А я не могу ничего сделать! Не могу!
Потому что именно в этот момент, практически у самой двери, меня перехватывает Шатер и молча тащит куда-то в сторону туалетов.
Я сначала охреневаю, потому что забыла уже о нем напрочь, занятая сложным выяснением отношений, затем пару раз дергаюсь, пытаясь незаметно для окружающих вырваться, но нифига.
Шатер явно учитывает прежний неудачный опыт Костяна, анализирует мои возможные реакции и перехватывает именно так, что стопорнуть его, конечно, можно… Но в таком случае куриные бои потеряют зрителей, а мы приобретем.
Не вариант.
Потому покорно топаю, поглядываю на каменную рожу Шатра и собираюсь с силами.
Третий раунд — велкам!
Третий раунд
Мужского туалета мне, естественно, за недели учебы в универе, избежать не удалось, я все же не киборг, но бегала я всегда на первый этаж, в сторону спортзалов, где он был небольшой и с двумя закрывающимися изнутри кабинками.
Таким образом, никакого палева, никаких ненужных мне травмирующих впечатлений.
На втором этаже мужской туалет был с разделениями, конечно, но открытыми отсеками, тоже еще советских времен. И сантехникой того же периода. Ну а чего менять, если все работает?
Хорошо, хоть чисто.
Наверняка, чище, чем в женском. Тот, на первом этаже, так точно…
Вот интересно, нахрена я сейчас в уме занимаюсь сравнительным анализом интерьеров туалетов универа?
Это до такой степени растерянность? Это так сильно хочется спрятаться от происходящего?
Как всегда, когда осознаешь проблему, принимаешь усилия по ее ликвидации.
Вот и я усилием воли перестаю думать про туалеты и сосредотачиваюсь на своей основной, глобальной проблеме. Шатрове.
Он закрывает дверь, я машинально отмечаю, что на ней нет задвижки, и это благотворно влияет на мыслительную деятельность.
Я, наконец-то, высвобождаю рывком руку, уже не заботясь о зрителях.
Отпрыгиваю к подоконнику, уделанному следами от сигарет.
— Ты охренел? — лучшая защита — нападение. Все знают — я применяю. — Ты какого хера так делаешь? Что устраиваешь? Ты же обещал!
— Это ты… — неожиданно низко шипит он, делая шаг ко мне. Я — синхронно — от него. Дистанция, приятель. Я не готова к ближнему бою. — Охренел. Ла. Ты мне говорил…ла, что вы с этим … типа, старшим братом не спите!
— Не помню, чтоб ты ко мне в родню записывался, чтоб отчет требовать, — хамлю я, сразу пресекая попытки надавить. Шатер опять шагает. Я опять отшагиваю. Так туалет скоро кончится! — Тем более, меня на лжи ловить. С чего ты взял, что я вру?
— Ты с ним… В парке. Я видел все, не отбазаривайся.
Уй, какие глаза! Не по себе даже как-то… И ноги дрожат. А они у меня, чтоб вы знали, даже на России не дрожали. И даже когда Лешку менты заламывали.

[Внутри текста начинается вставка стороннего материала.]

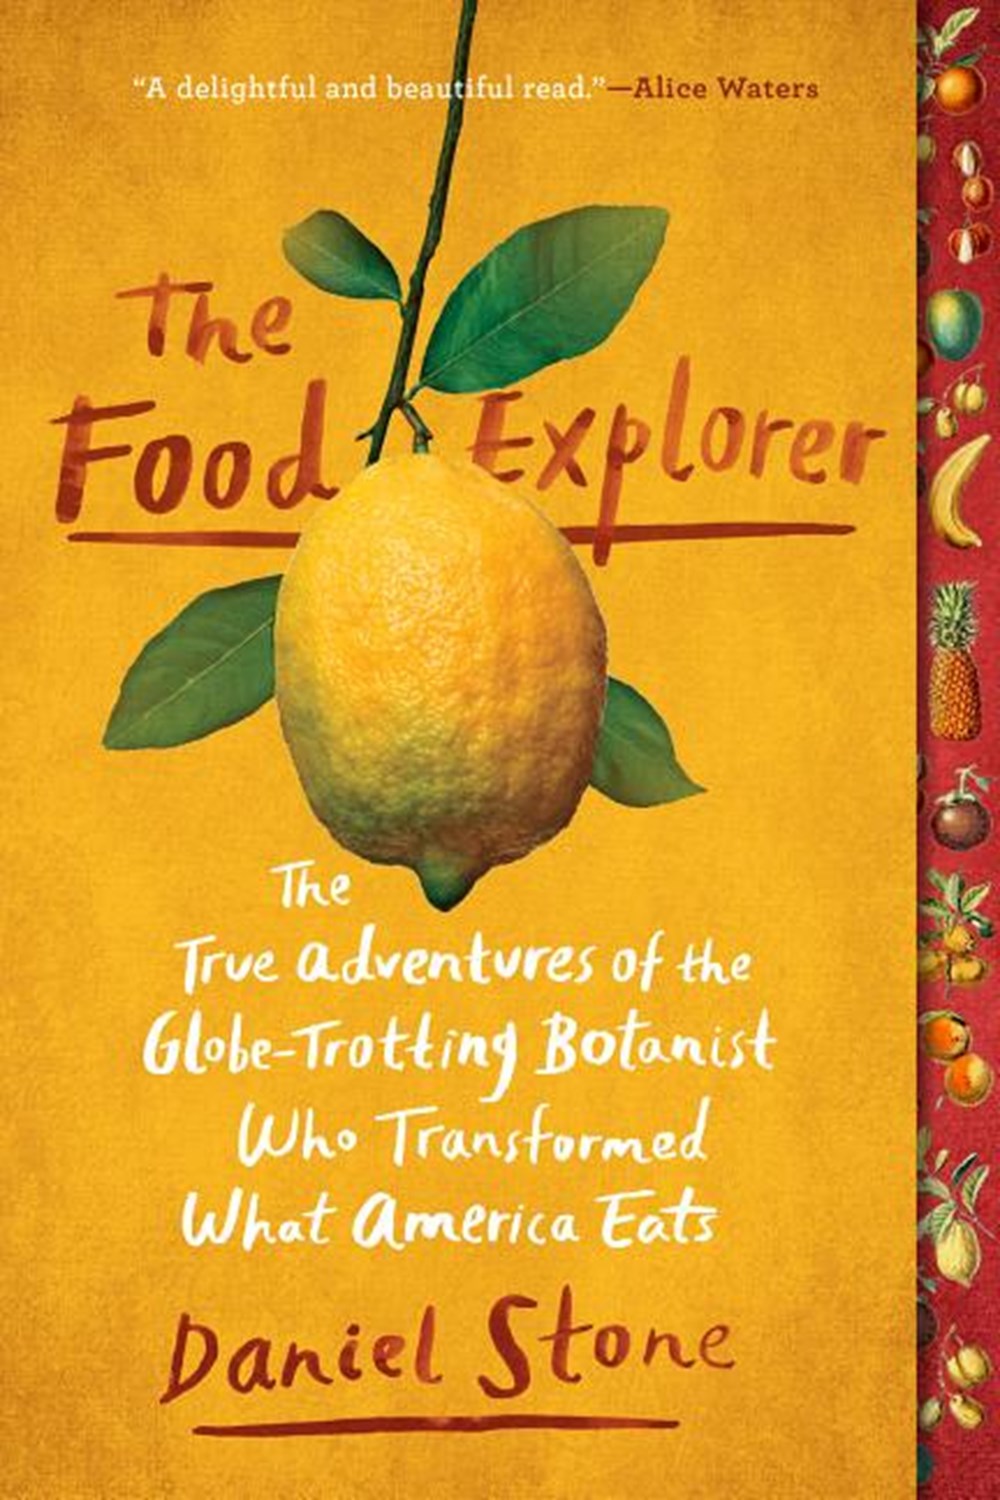 Food Explorer: The True Adventures of the Globe-Trotting Botanist Who Transformed What America Eats

— Ты видел то, что хотел видеть. Я не могу ничего поделать с твоими глазами и твоим больным воображением, — сухо отвечаю я. Сухо — это потому что в глотке — пустыня. Сглатываю, Шатер нечитаемым взглядом отслеживает движение горла. И опять шагает. А я опять отшагиваю. Упираясь поясницей в подоконник.
Осознаю, что дальше некуда, выдыхаю. Ну что, Маша, ближний бой? Никогда это дело не любила…
Шатер подходит совсем близко, наклоняется, упирает руку в косяк выше моей головы, подавляя своим размером и весом.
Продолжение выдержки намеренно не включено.